The oldest track & field blog on the internet

Sunday, March 16, 2008

NCAA D-1, day two

Trackshark coverage
Results

In the pre-meet formcharts, Arizona State was a co-favorite to win the women's title but neither Trackshark nor Track & Field News had them in the top five on the men's side. The USATFCCA computer rankings had Arizona State's men ranked #1 for three weeks in a row, which made me think their system was crap.

How do you like them now? ASU pulled off the double victory. But I still don't know why a campus with an average January high temperature of 68 degrees has an indoor track program.

This is one of the big problems with our sport, and the college end of it in particular. A while back I mentioned that indoor track is not real track, and it set off quite a bit of criticism. Over at Runnerville there's a discussion about whether indoor track merits championship status.

My opinion is that indoor track is preseason track and nothing more. In the midwest and northeast, it's an absolutely necessary part of the track program, since competing or even getting good practice outdoors isn't much possible until about six weeks before the conference meet. Anywhere else, taking it seriously is a colossal waste of resources. But if championships and All-American status are offered, the overly competitive nature of D-I athletics takes over and no one really seems to gives a damn if your title was won indoors or out.

Yesterday
I saw the true amateurs, the true college athletes. With the exception of four quarter-milers from Texas, it seemed like everybody came from either the northeast or the midwest. But since D-3 stretches over the entire nation, it's safe to assume that the small schools have kept their heads about indoor track and warm-weather areas don't do much of it.

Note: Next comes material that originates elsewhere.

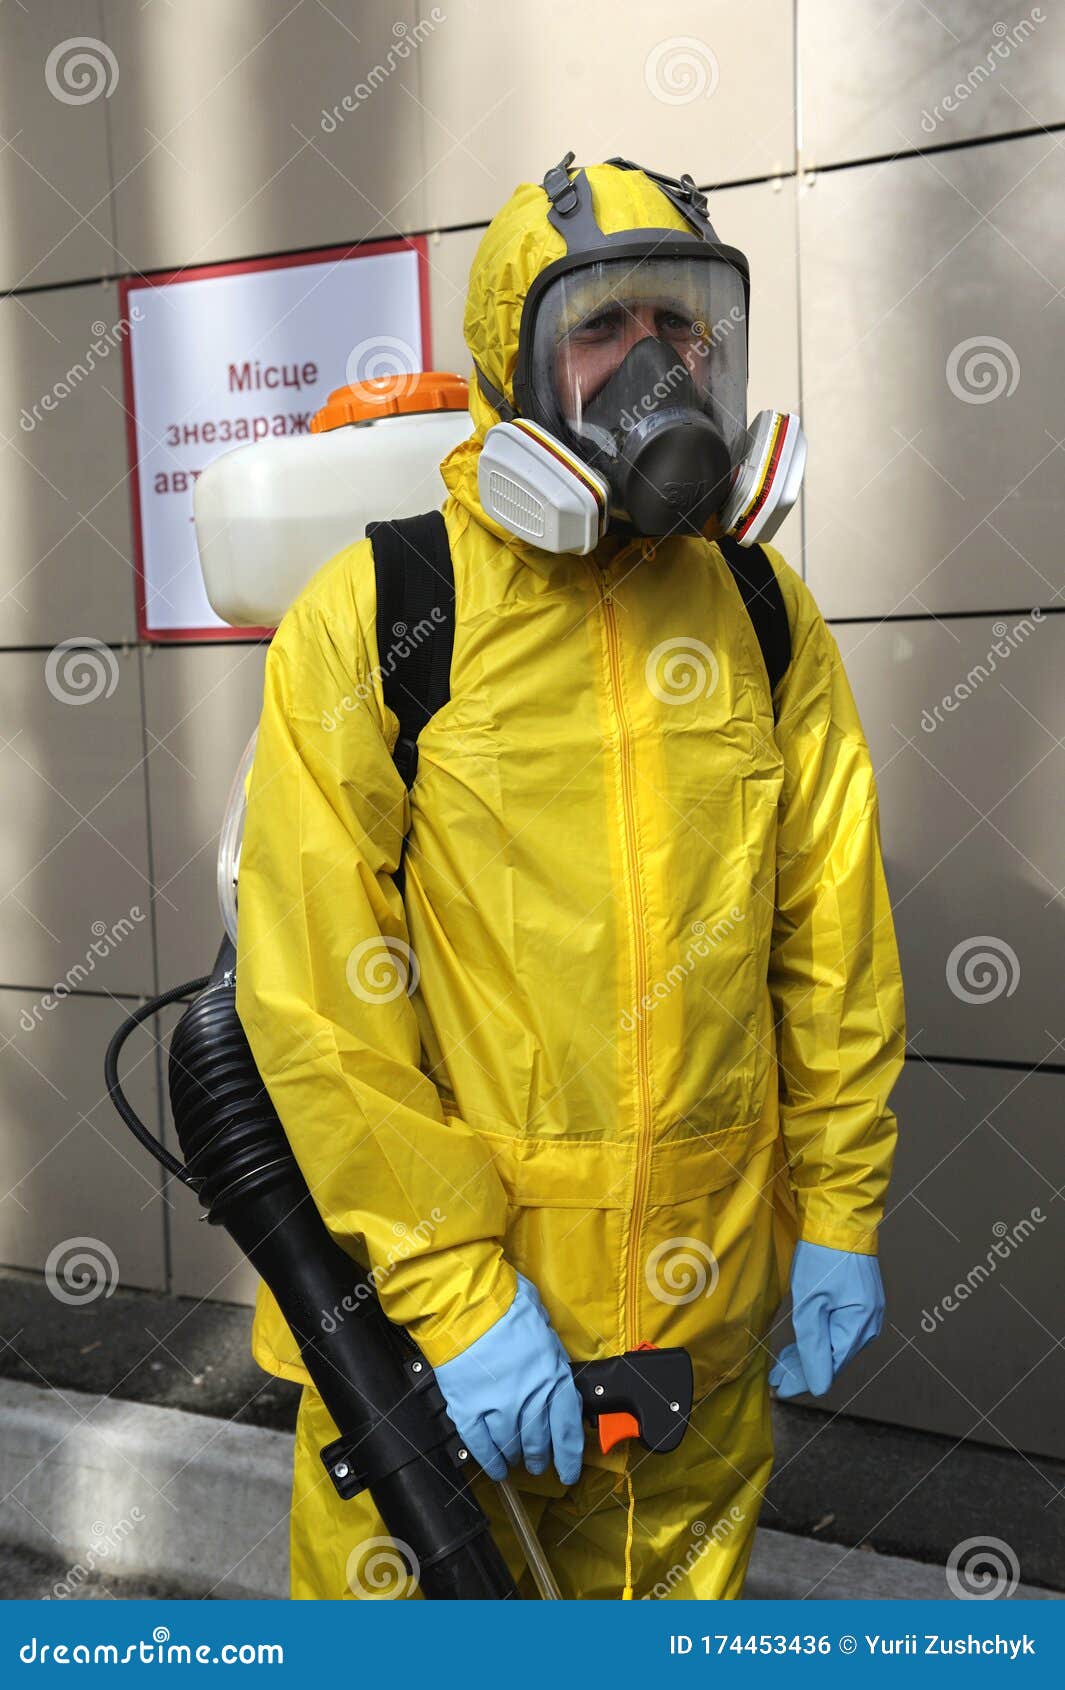 Download Paramedic Wearing Yellow Protective Costume And Mask Disinfecting Coronavirus With The Motorized Backpack Atomizer And Sprayer Editorial Photo Image Of Decontamination Protection 174453436 PSD Mockup Templates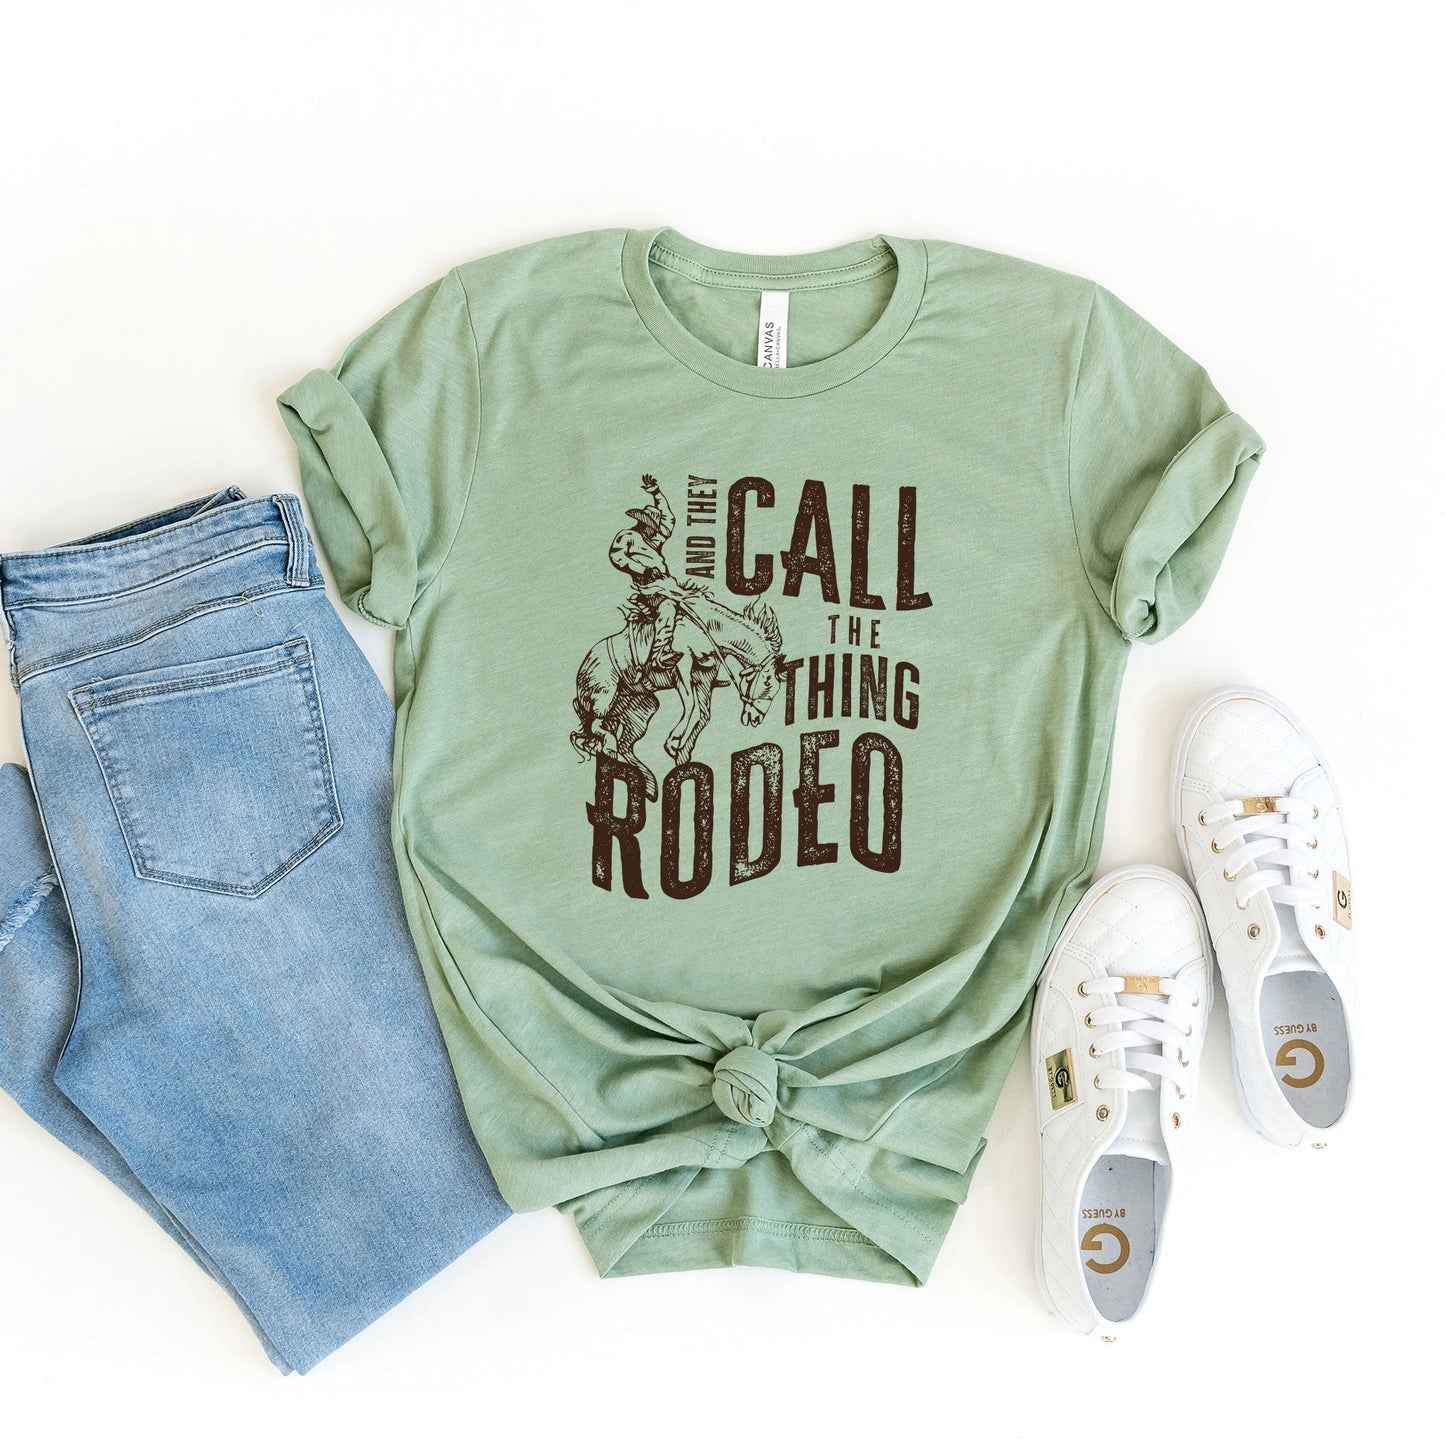 They Call The Thing Rodeo | Short Sleeve Crew Neck

One effect of an overemphasis on indoor track is stretching out the competitive season far too long, which wreaks havoc on distance runners and merely leaves most of the rest uninterested in summer competition. But it also leads to shortening the outdoor season, which limits opportunities for bona fide competition (everyone is looking for a good mark). Schools as small as Bowling Green or Kent State spend millions building indoor facilities. In the interest of getting marks for the indoor nationals, college athletes started avoiding the 160y banked board tracks decades ago, which limited the fields available for the big indoor pro-am invitationals, and they largely disappeared.

All in all, indoor track is fun and useful, but nothing more. Treating it as an end to itself is ultimately destructive to the sport.